**Provided material**.
=== Section Start ===

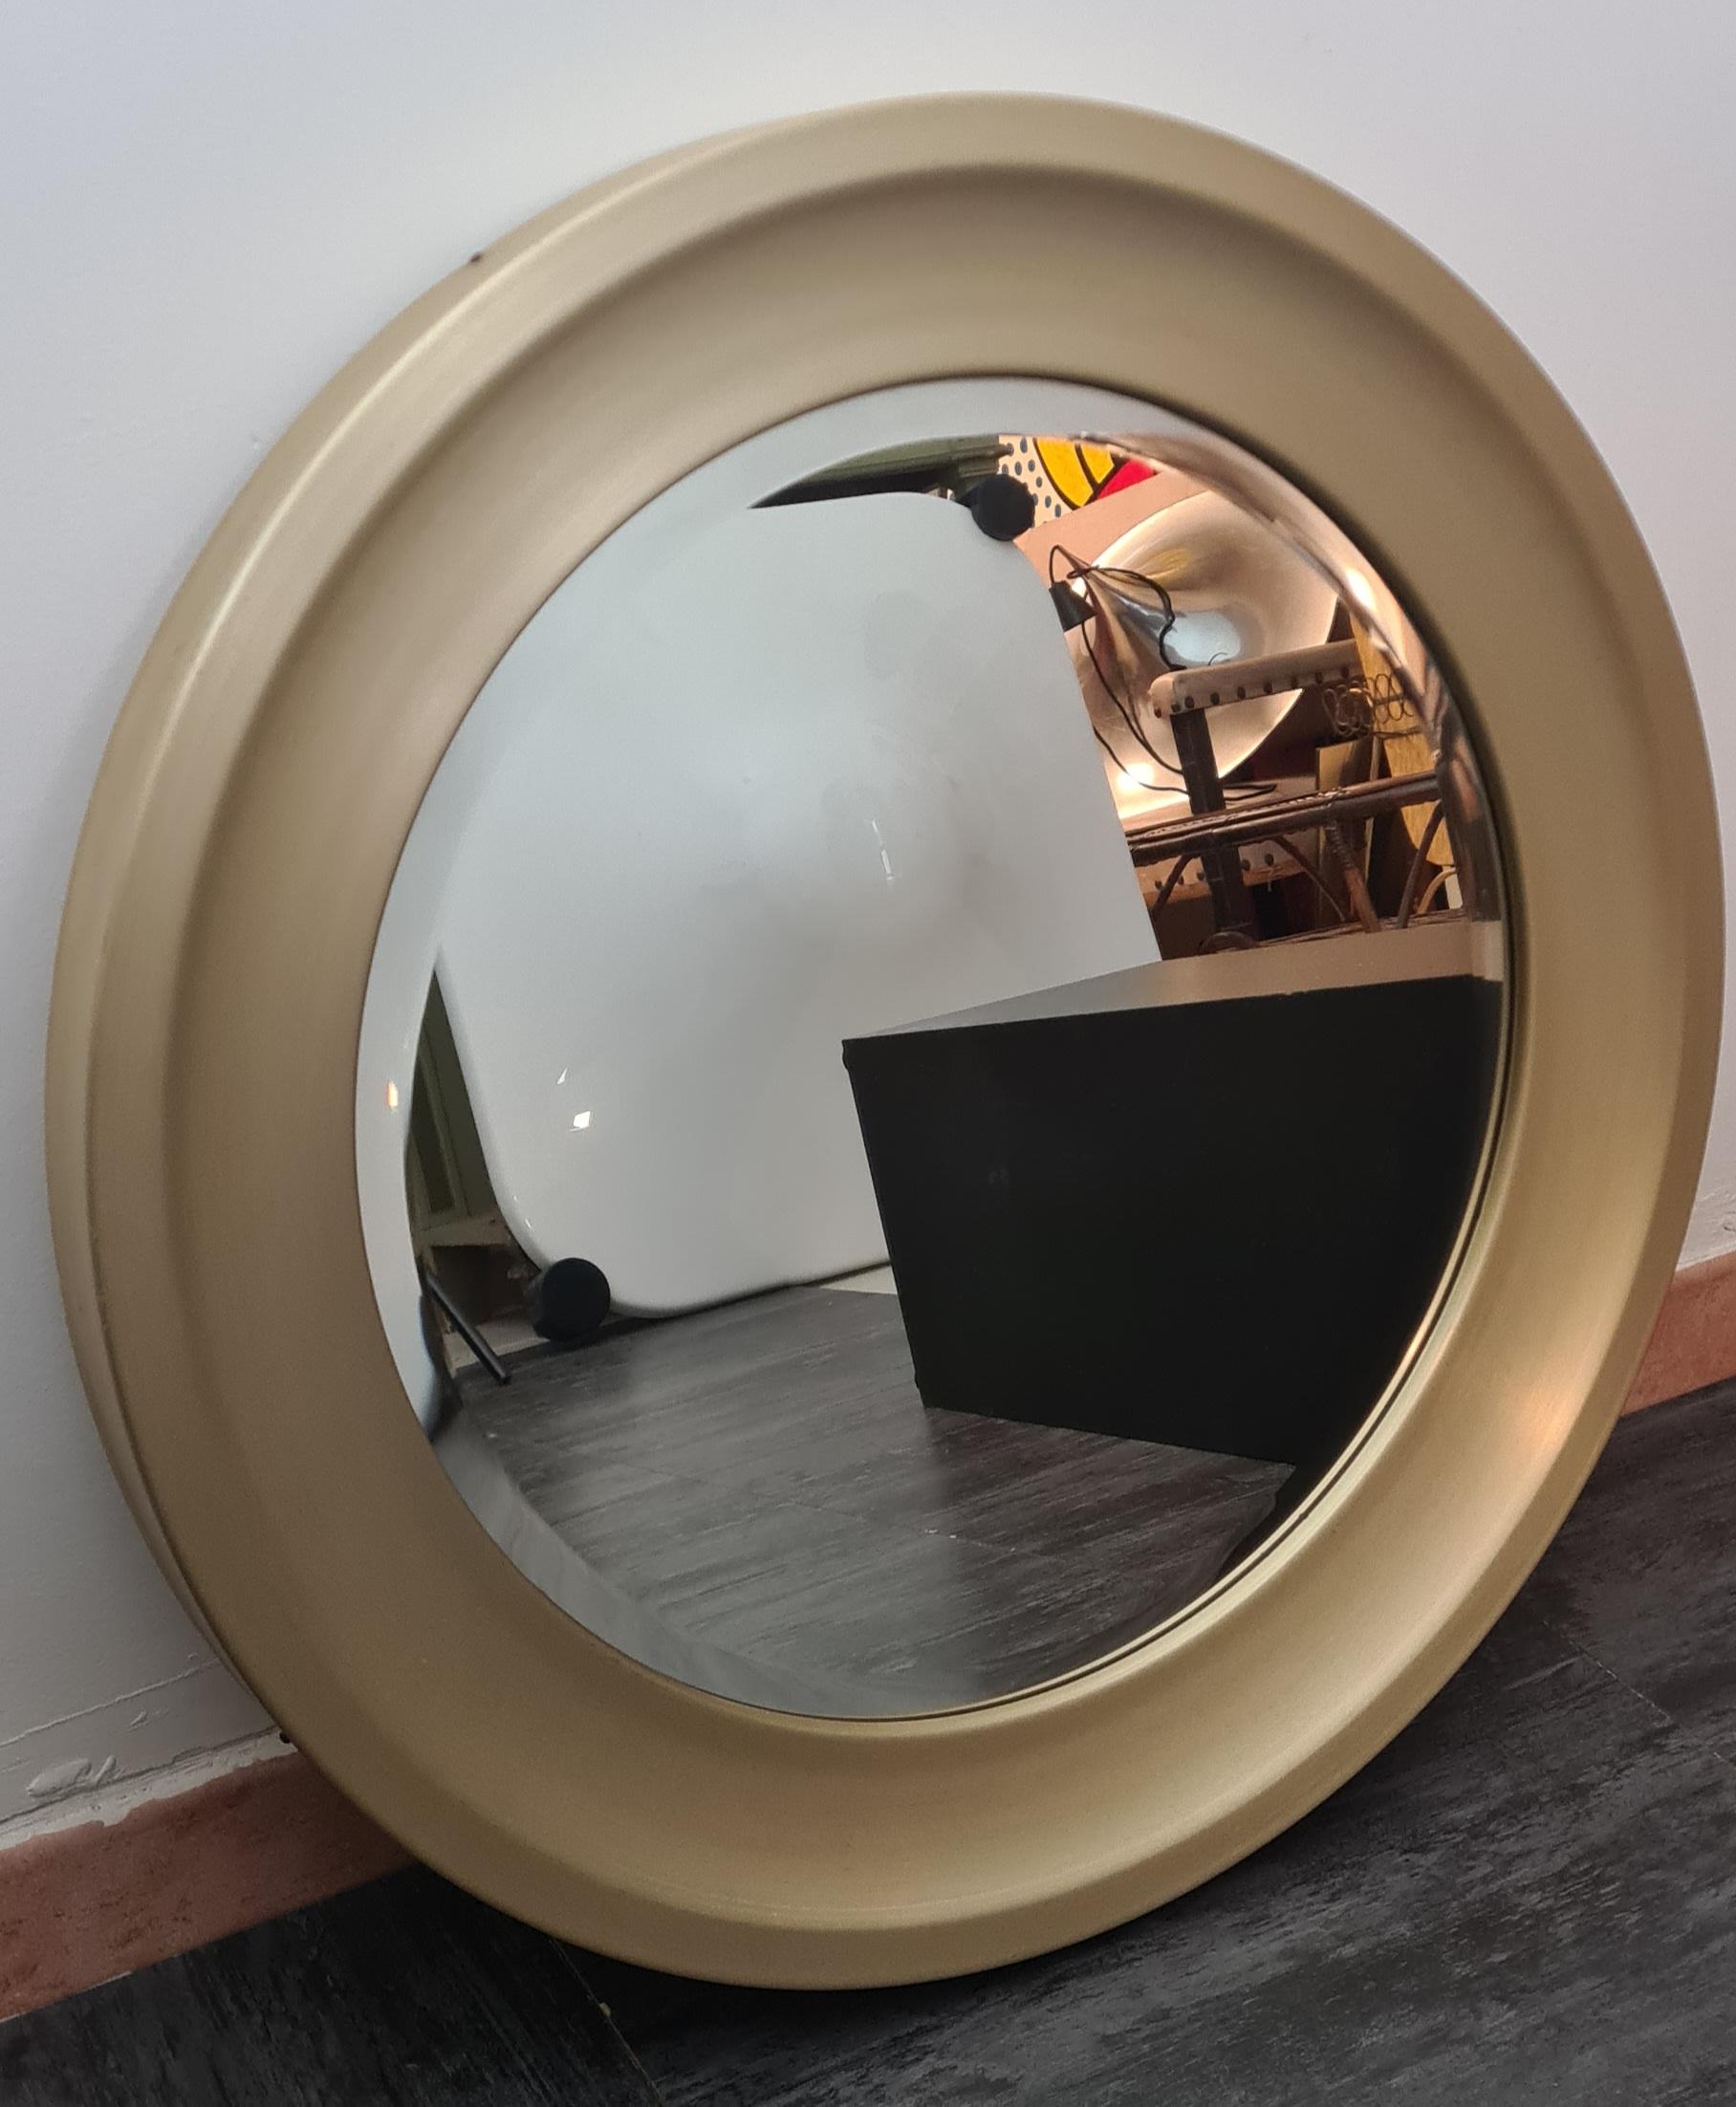 Miroir rond conçu par Sergio Mazza pour Artemide.

Miroirs raffinés de forme ronde et à bord biseauté avec un cadre en aluminium doré et brossé.

Le dos du miroir est en bois pressé avec un crochet pour le suspendre.

Cet élégant miroir a été

=== Section End ===

Say, as a number only, how many lines of the data contain "avec".

2